*TASK*. All of the listing should be output exactly, apart from the pictures.

-------- GIVEN DATA

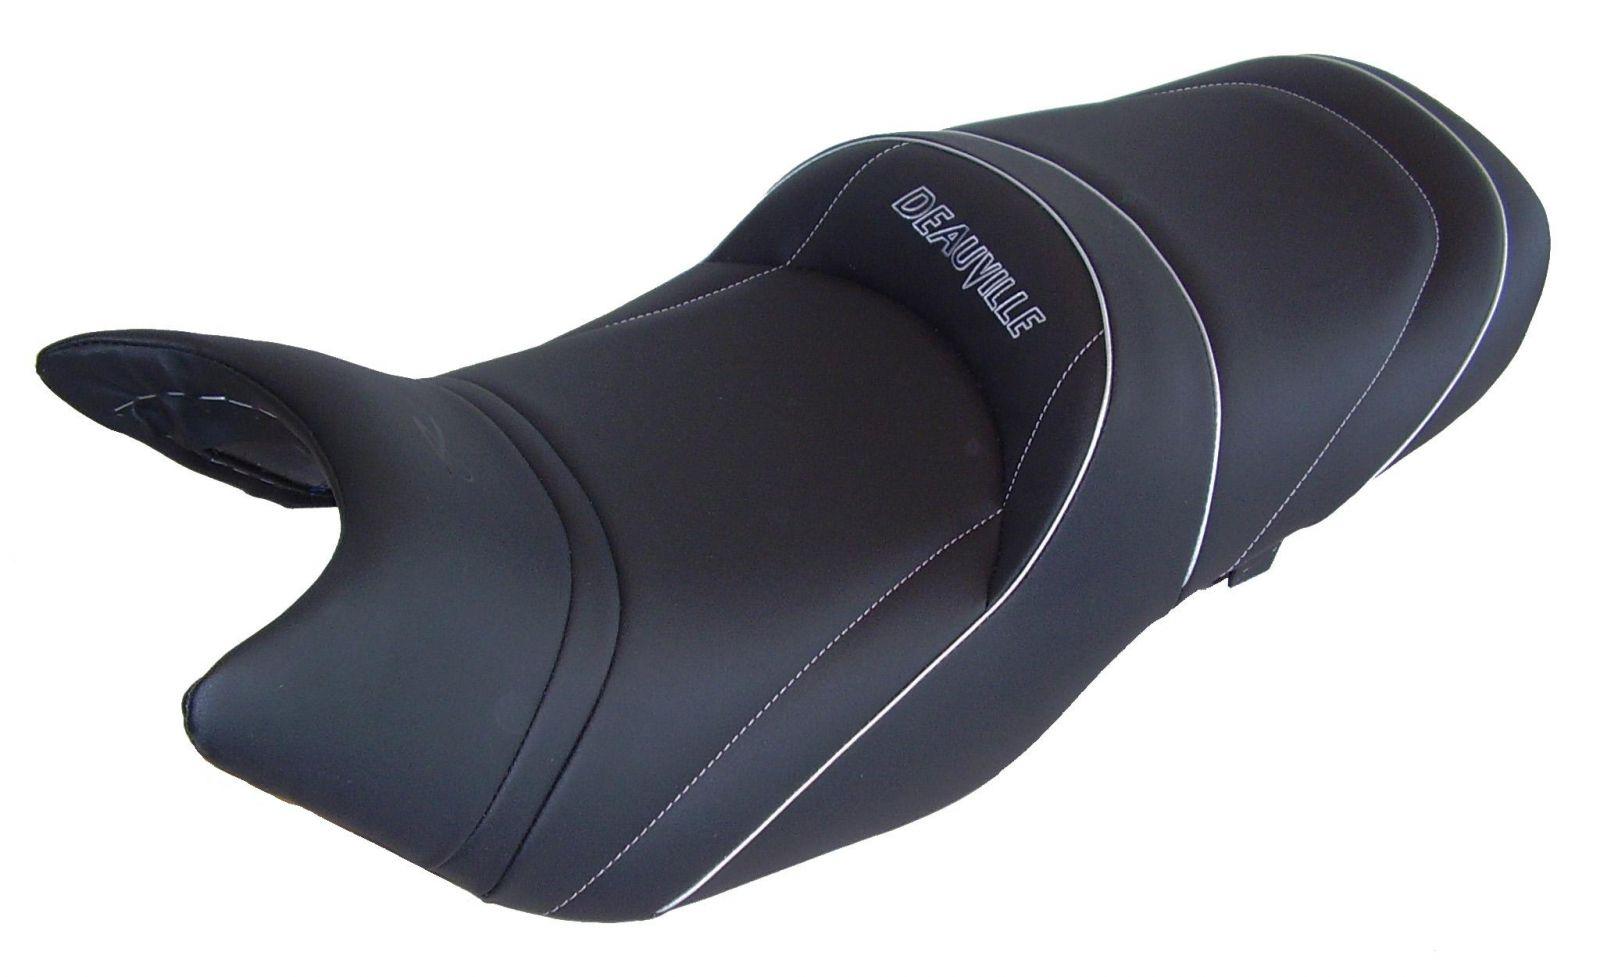 Deluxe seat SGC1625 - HONDA DEAUVILLE NTV 650 V [1998-2005]
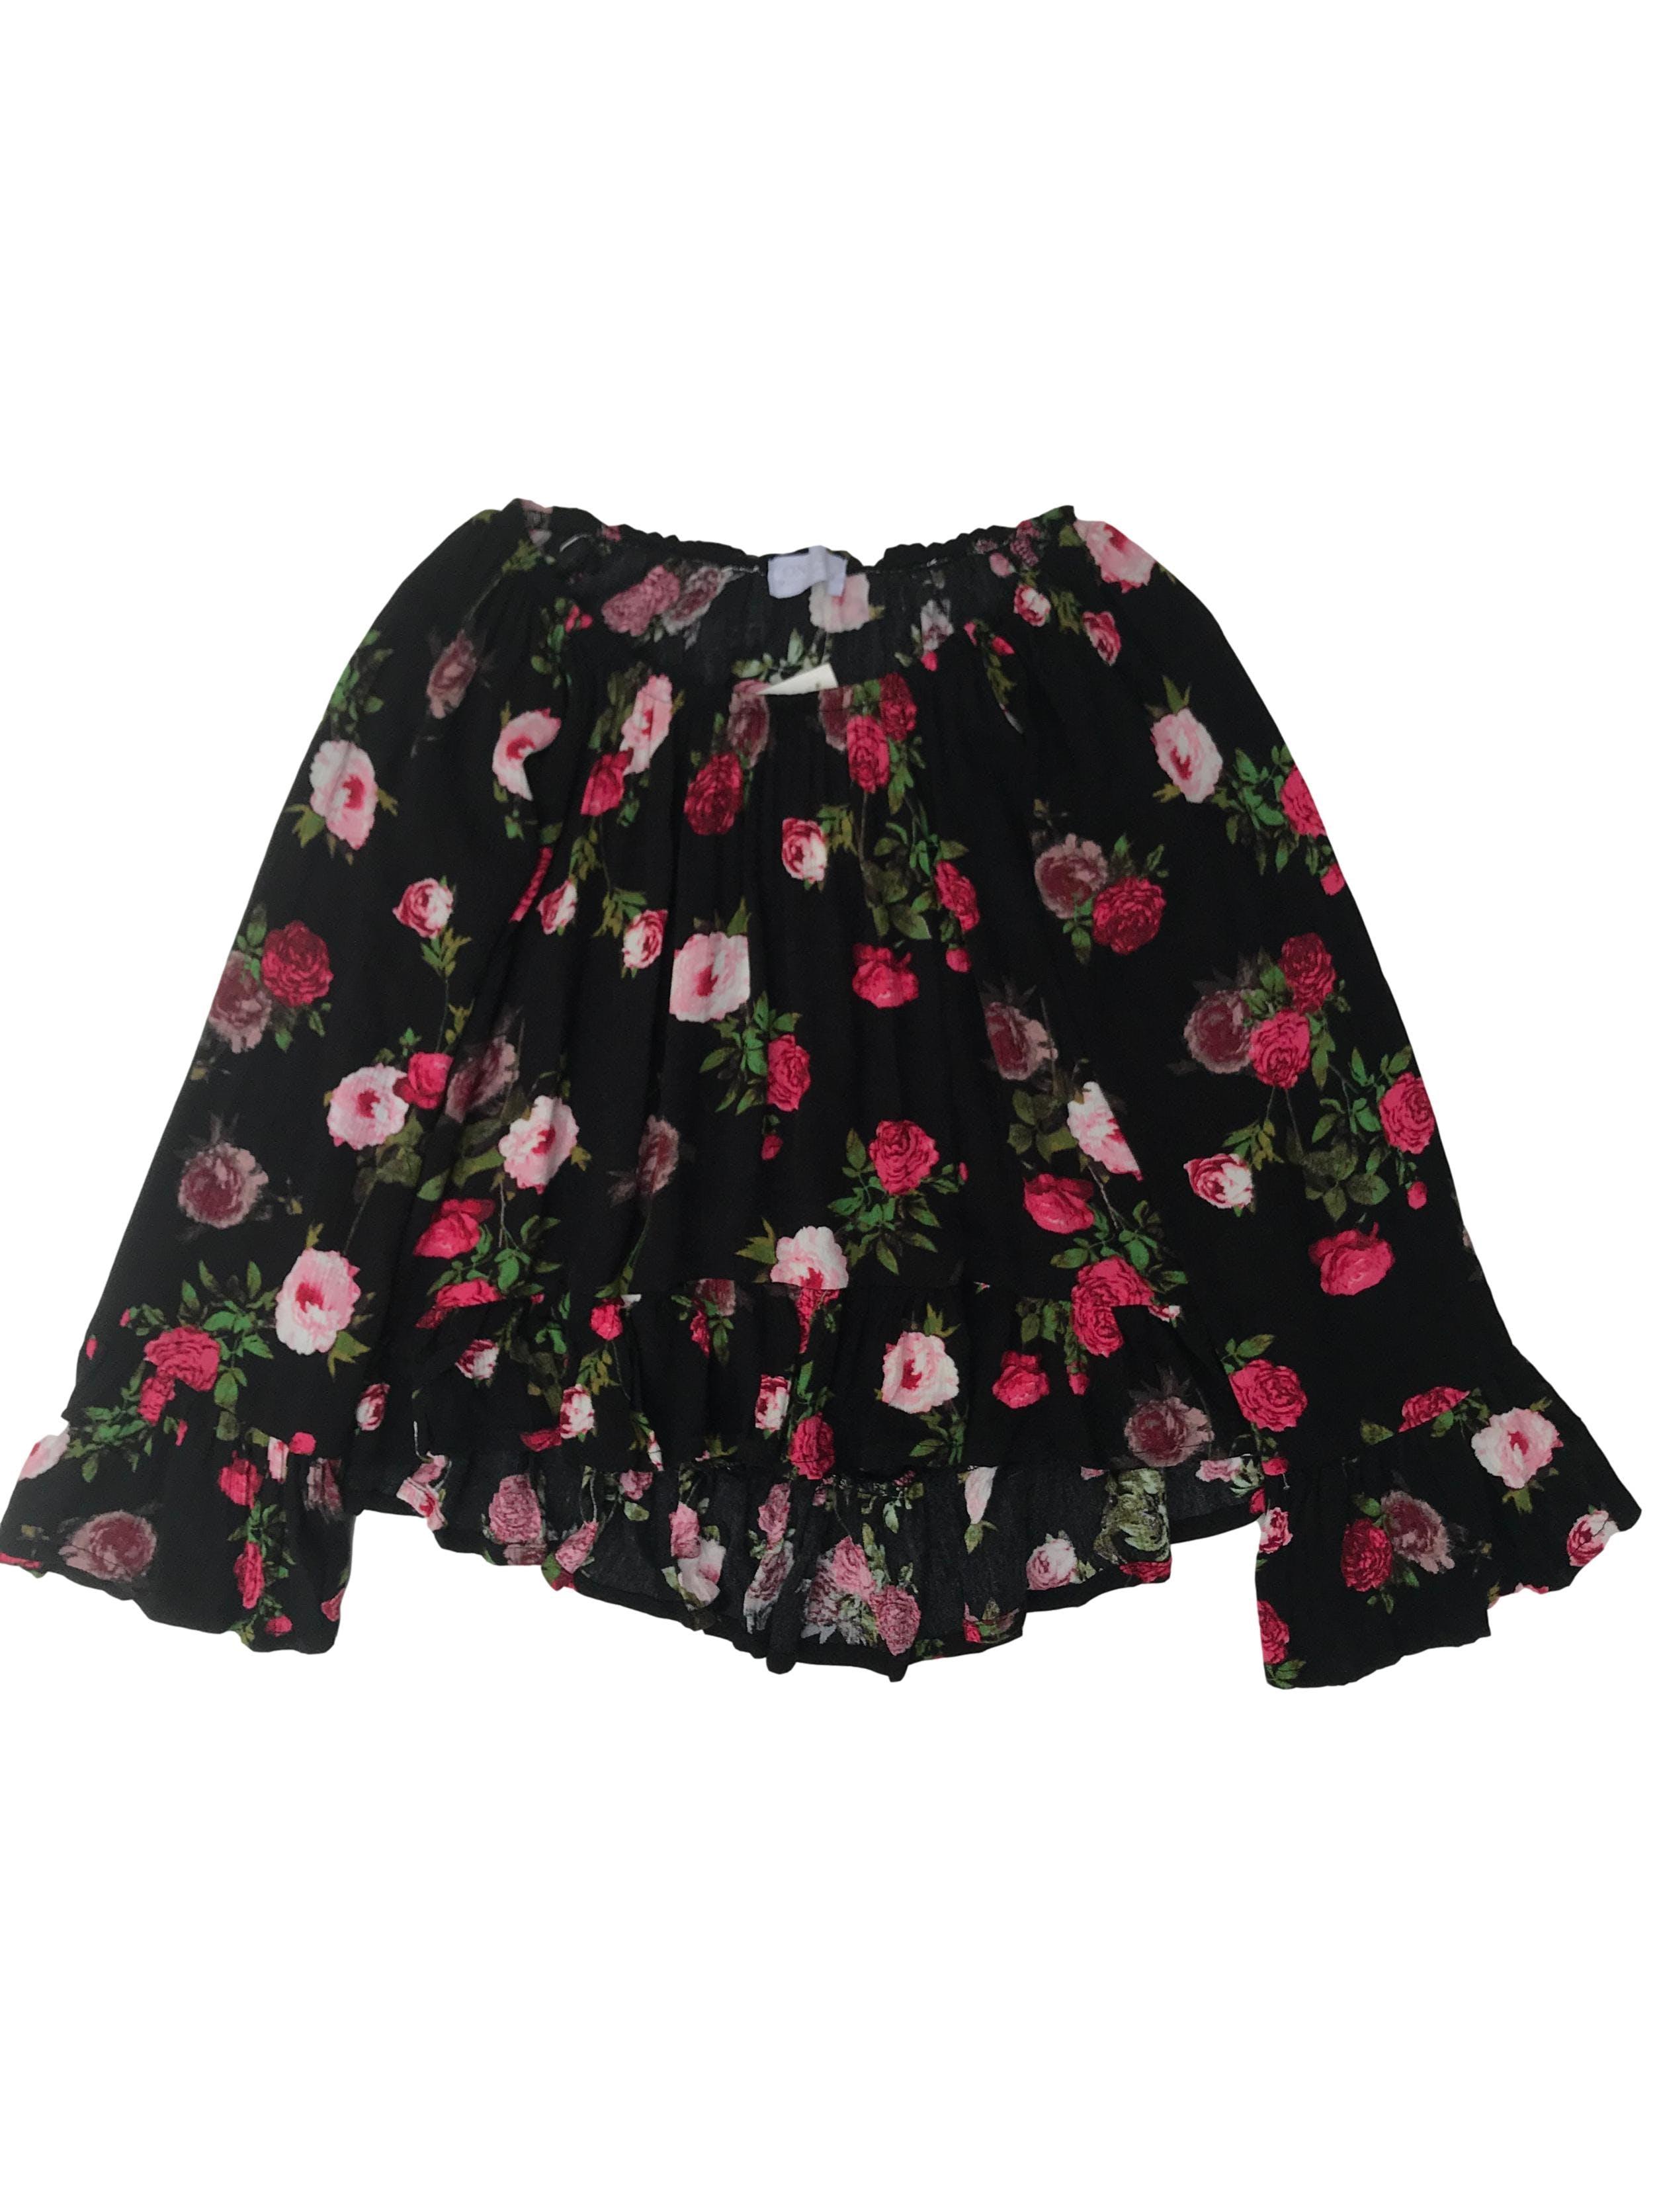 Blusa off shoulder negra con print de flores, volantes en la basta y puños, cuerpo asimétrico más largo atrás
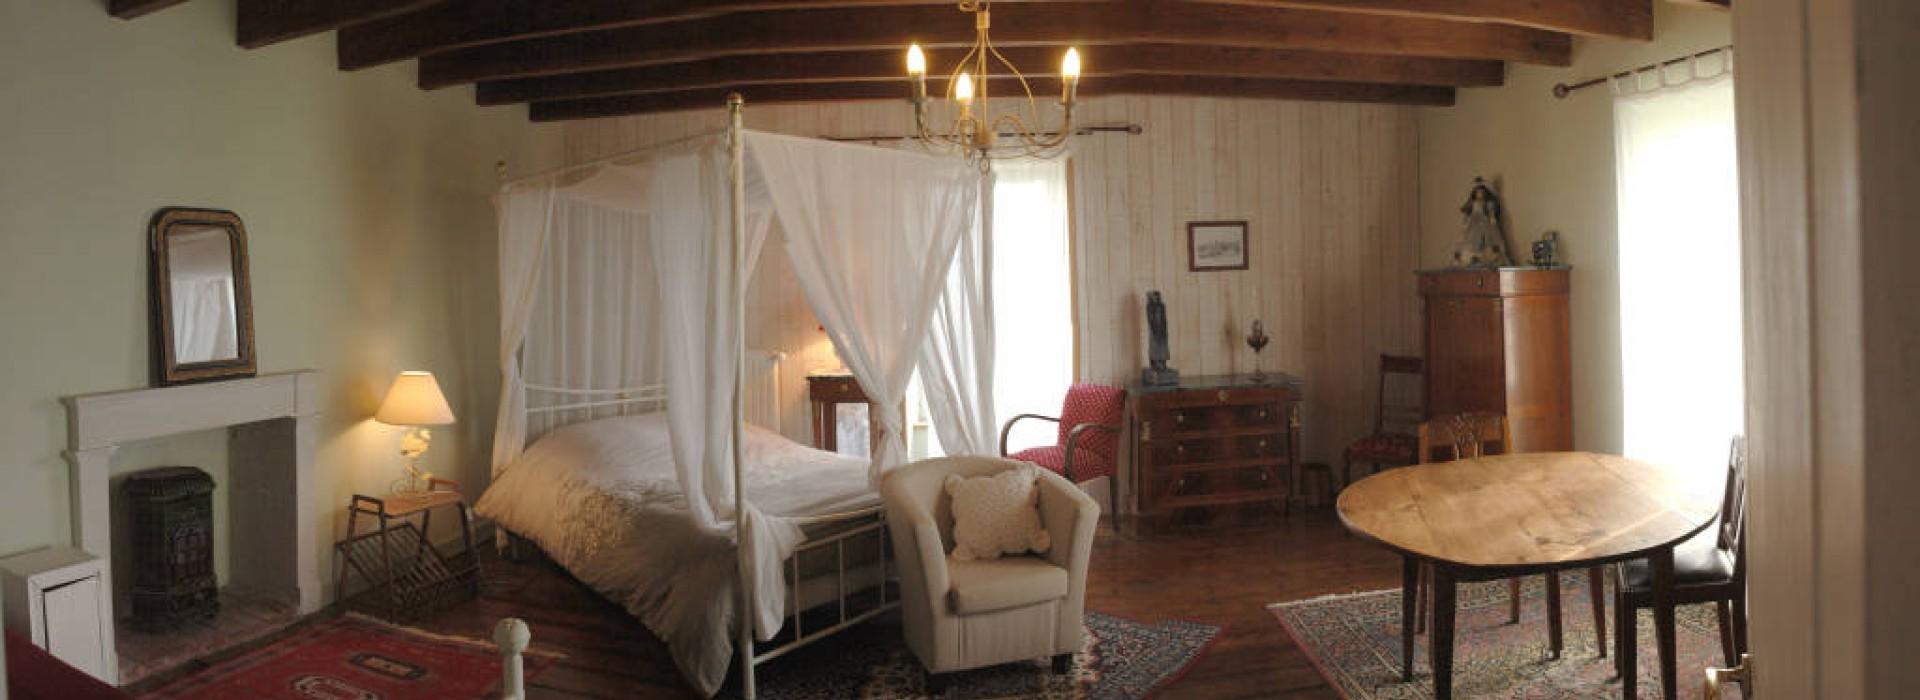 chambre d 39 hotes caillet christophe chambres d 39 h tes en pays de la loire. Black Bedroom Furniture Sets. Home Design Ideas
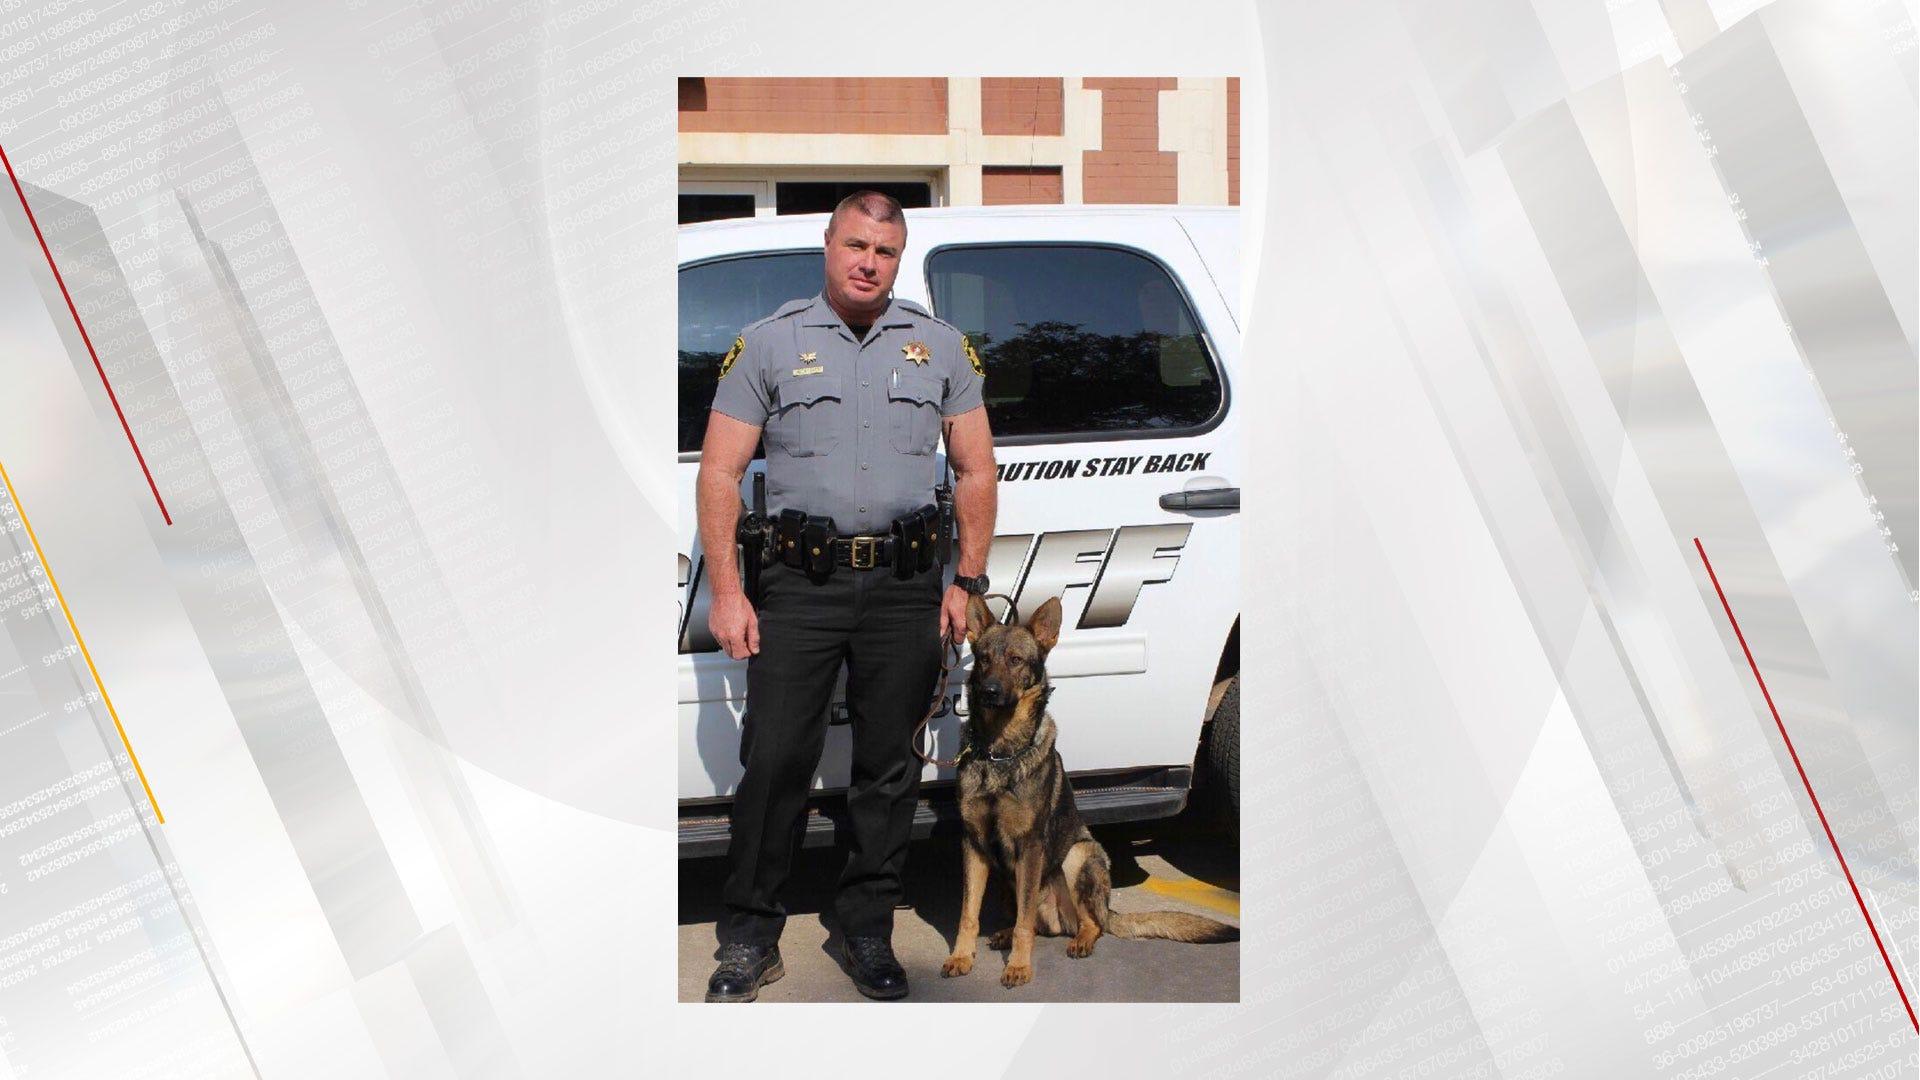 Grady County Sheriff's Office Seeking Donations For K-9 Program

----------------

*ANSWER TO THIS PROBLEM*.
 Deluxe seat SGC1625 - HONDA DEAUVILLE NTV 650 V [1998-2005]
 Blusa off shoulder negra con print de flores, volantes en la basta y puños, cuerpo asimétrico más largo atrás
 chambre d 39 hotes caillet christophe chambres d 39 h tes en pays de la loire. Black Bedroom Furniture Sets. Home Design Ideas
 Grady County Sheriff's Office Seeking Donations For K-9 Program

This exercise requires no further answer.